Every day, Global Payments makes it possible for millions of people to move money between buyers and sellers using our payments solutions for credit, debit, prepaid and merchant services. Our worldwide team helps over 3 million companies, more than 1,300 financial institutions and over 600 million cardholders grow with confidence and achieve amazing results. We are driven by our passion for success and we are proud to deliver best-in-class payment technology and software solutions. Join our dynamic team and make your mark on the payments technology landscape of tomorrow.
Summary of This Role
Evaluates, tests, recommends, develops, coordinates, monitors, and maintains information security policies, procedures and systems, including hardware, firmware and software. Ensures that IS security architecture/designs, plans, controls, processes, standards, policies and procedures are aligned with IS standards and overall IS security. Identifies security risks and exposures, determines the causes of security violations and suggests procedures to halt future incidents. Investigates and resolves security incidents and recommends enhancements to improve security. Develops techniques and procedures for conducting IS security risk assessments and compliance audits, the evaluation and testing of hardware, firmware and software for possible impact on system security, and the investigation and resolution of security incidents.
What Part Will You Play?
- Proactively monitors complex systems and response to known and emerging threats against the Global Payments network via intrusion detection software.
- Completes detailed, comprehensive investigation of security issues by reviewing security log data, interpreting data in support of security event management process from various data feeds and triages on a wide variety of security events.
- Performs incident handling process by maintaining knowledge in implementation of containment, protection and remediation activities.
- Keeps up-to-date knowledge of new and emerging threats that can affect the organization's information assets by analyzing third party software/solutions, IT configuration changes (including access control requests), and network/system architecture from risk perspective.

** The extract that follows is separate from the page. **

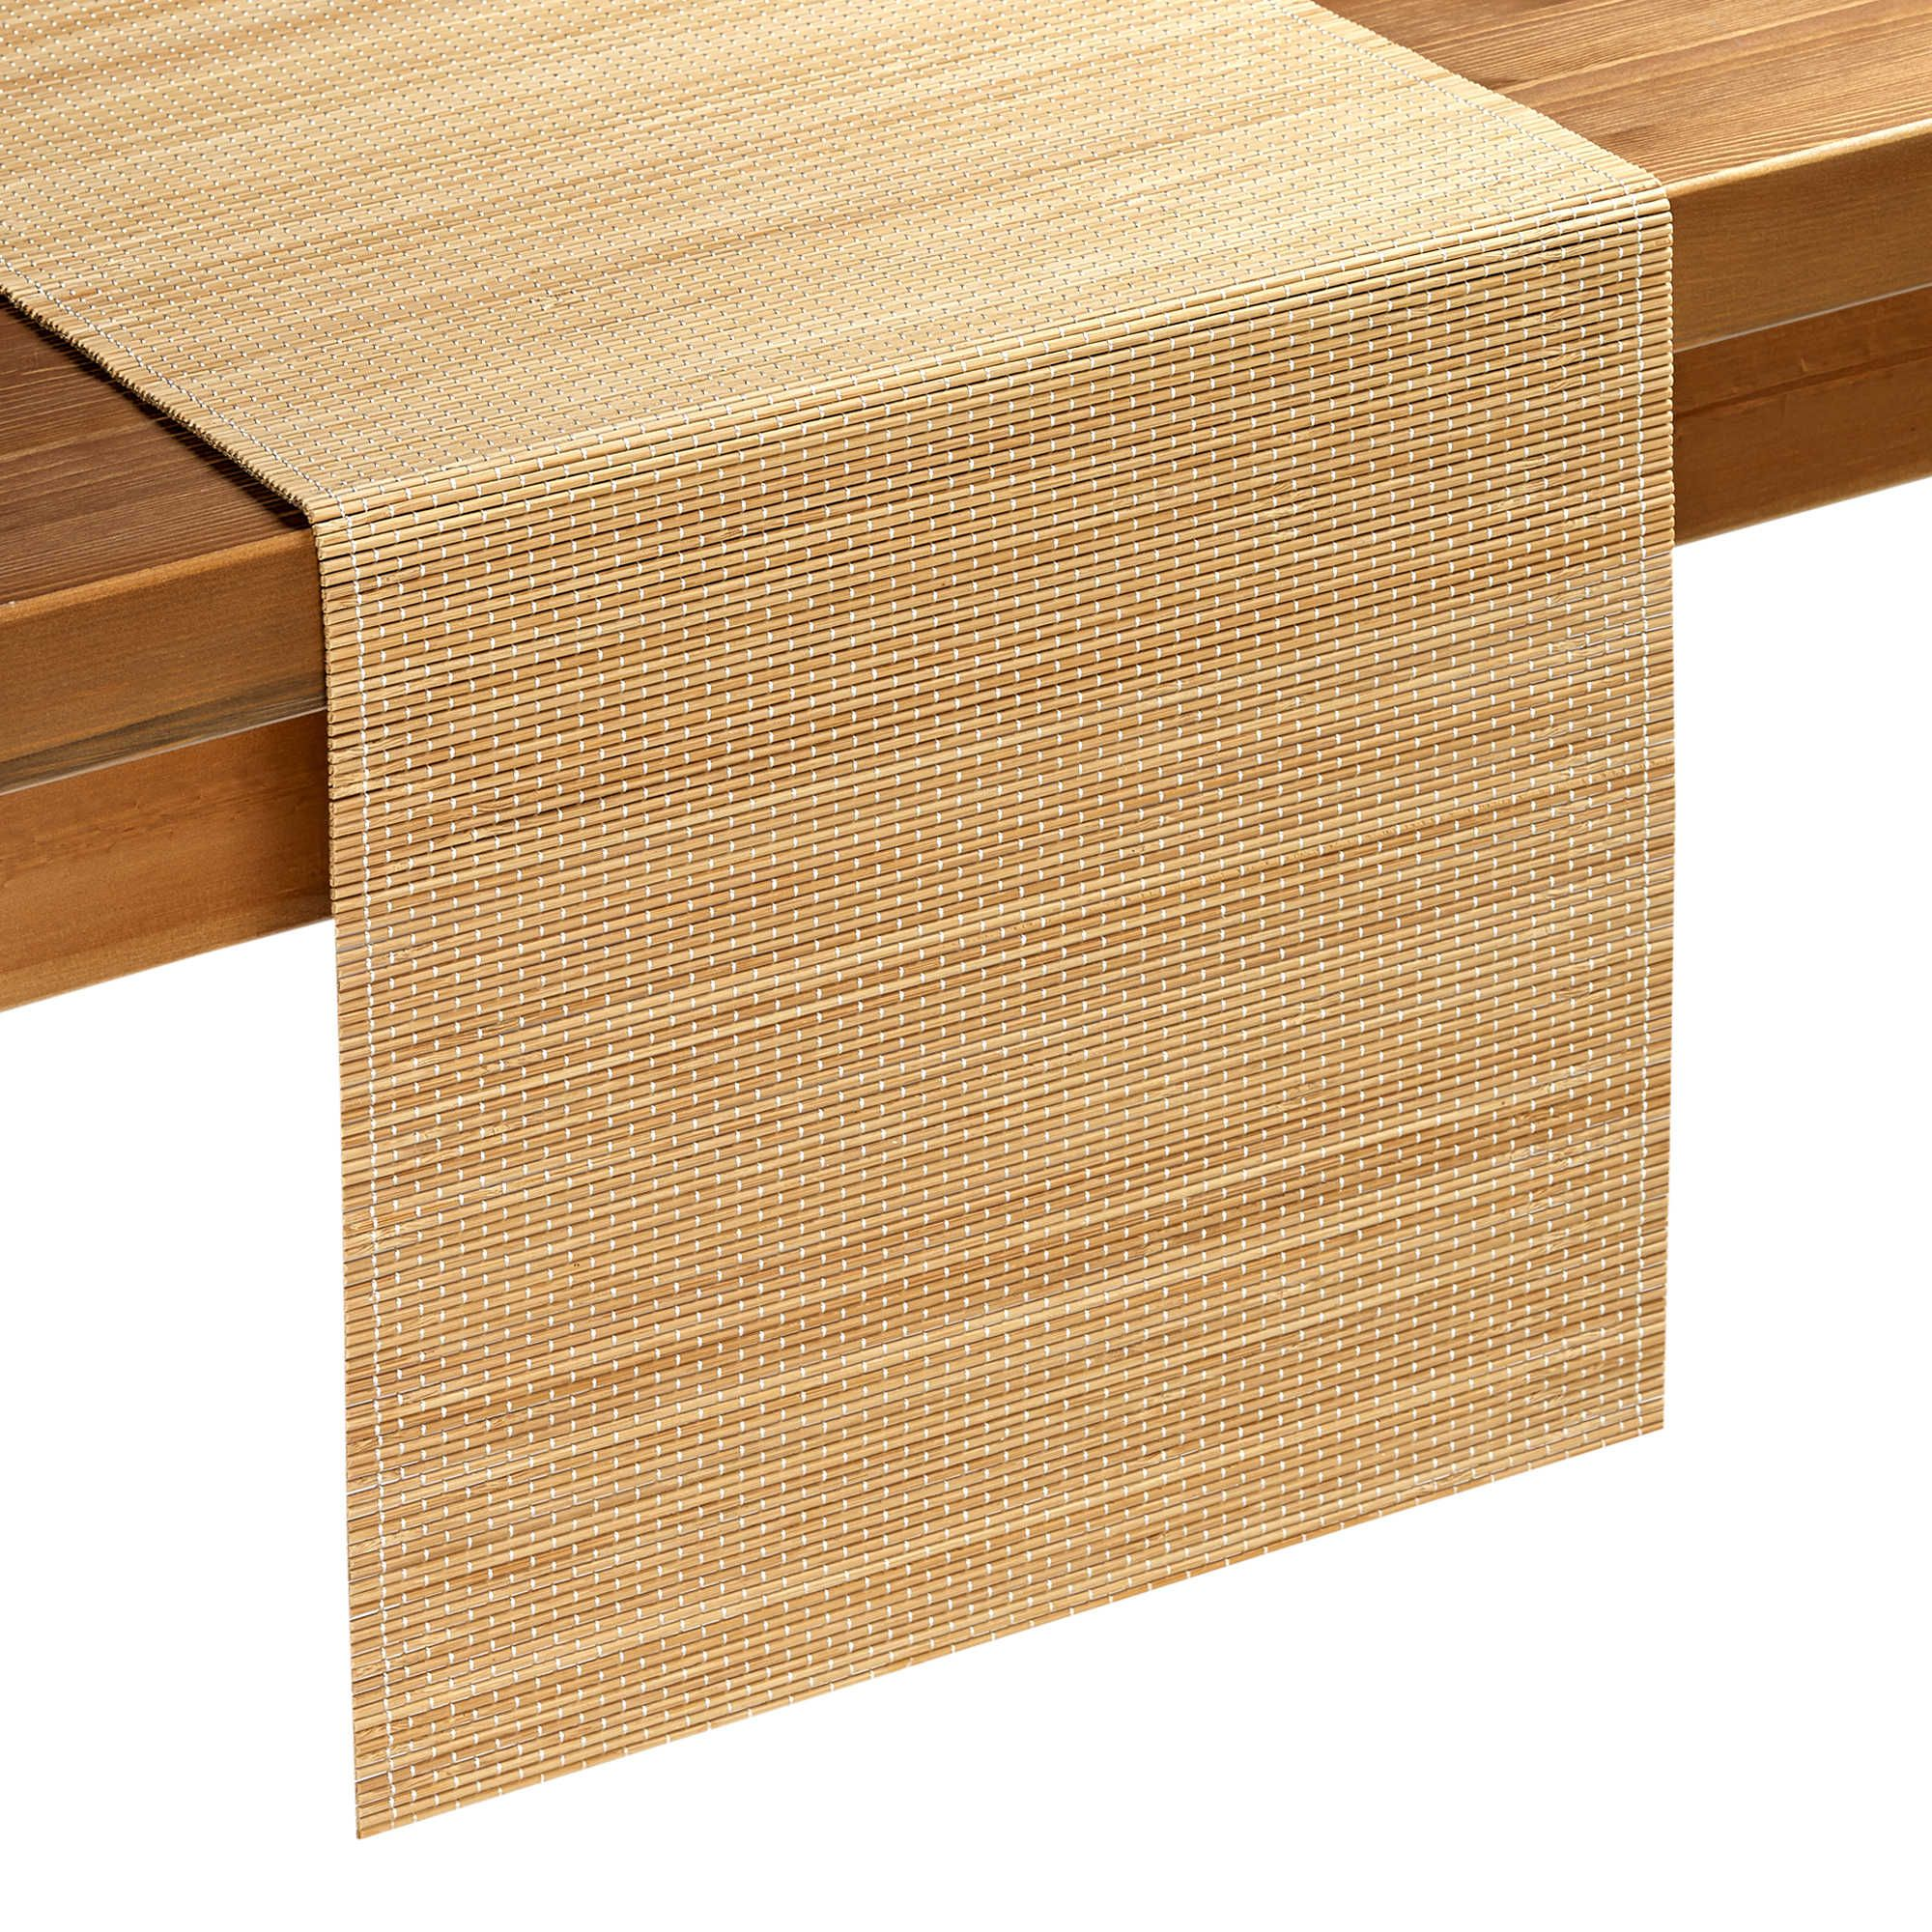 Bamboo Table Runner In Natural Bamboo Table Runner Bamboo

- Responsible for the design and configuration of security systems, including proxy, remote access, mail gateway, intrusion prevention, wireless networking, data leak prevention, security information and event management and web application firewalls.
- Provides input in assessing and disseminating threats related to the enterprise in regard to current vulnerability by managing and developing an emerging threat model.
- Assesses risks based on changes to implementation of ISO/BSO; enhances knowledge of PCI, HIPAA, PII, and Card personalization.
- Creates cost effective solutions for system/application development regarding Information Security processes and concepts in applicable systems and software.
- Performs day-to-day Information Security functions pertaining to computer access control on numerous security software products and processes.
- Enhance understanding of business objectives and helps providing direction based on risk, Corporate Policy, and regulatory guidelines.
- Participates in developing long term strategies for conducting system penetration, vulnerability and web application testing, risk assessments, policy creation.
Minimum Qualifications
- Bachelor's Degree in Computer Science, Info Security, or related field or related work experience.
- Typically minimum 4 years relevant experience.
- Experience including network operations or engineering or system administration on Unix, Linux, MAC, or Windows; working with security operations, intrusion detection systems, Security Incident Event Management systems, and anti-virus logs; knowledge of security compliance programs (PCI, SOX, GLBA).
Preferred Qualifications
- Professional certifications: CISSP, CISM, CISA, GSEC, Network+, Security+.
- Typically minimum 6 years relevant experience.
- Knowledge of security compliance programs (PCI, SOX, GLBA).
Desired Skills and Capabilities
- Seasoned, experienced professional with full understanding of specialization.
- Works on problems of diverse scope requiring evaluation of identifiable factors.
- Demonstrates good judgment in selecting methods and techniques.
- Normally receives little instruction on day-to-day work.
- Ability to identify, communicate, and mitigate risk within technical solution designs.
- Continued self-education of new and emerging threats and relevant mitigation processes.
- Knowledge and skills to contribute to all phases of Incident Response.
- Experience with SAST, DAST, OWASP tooling, PCI DSS.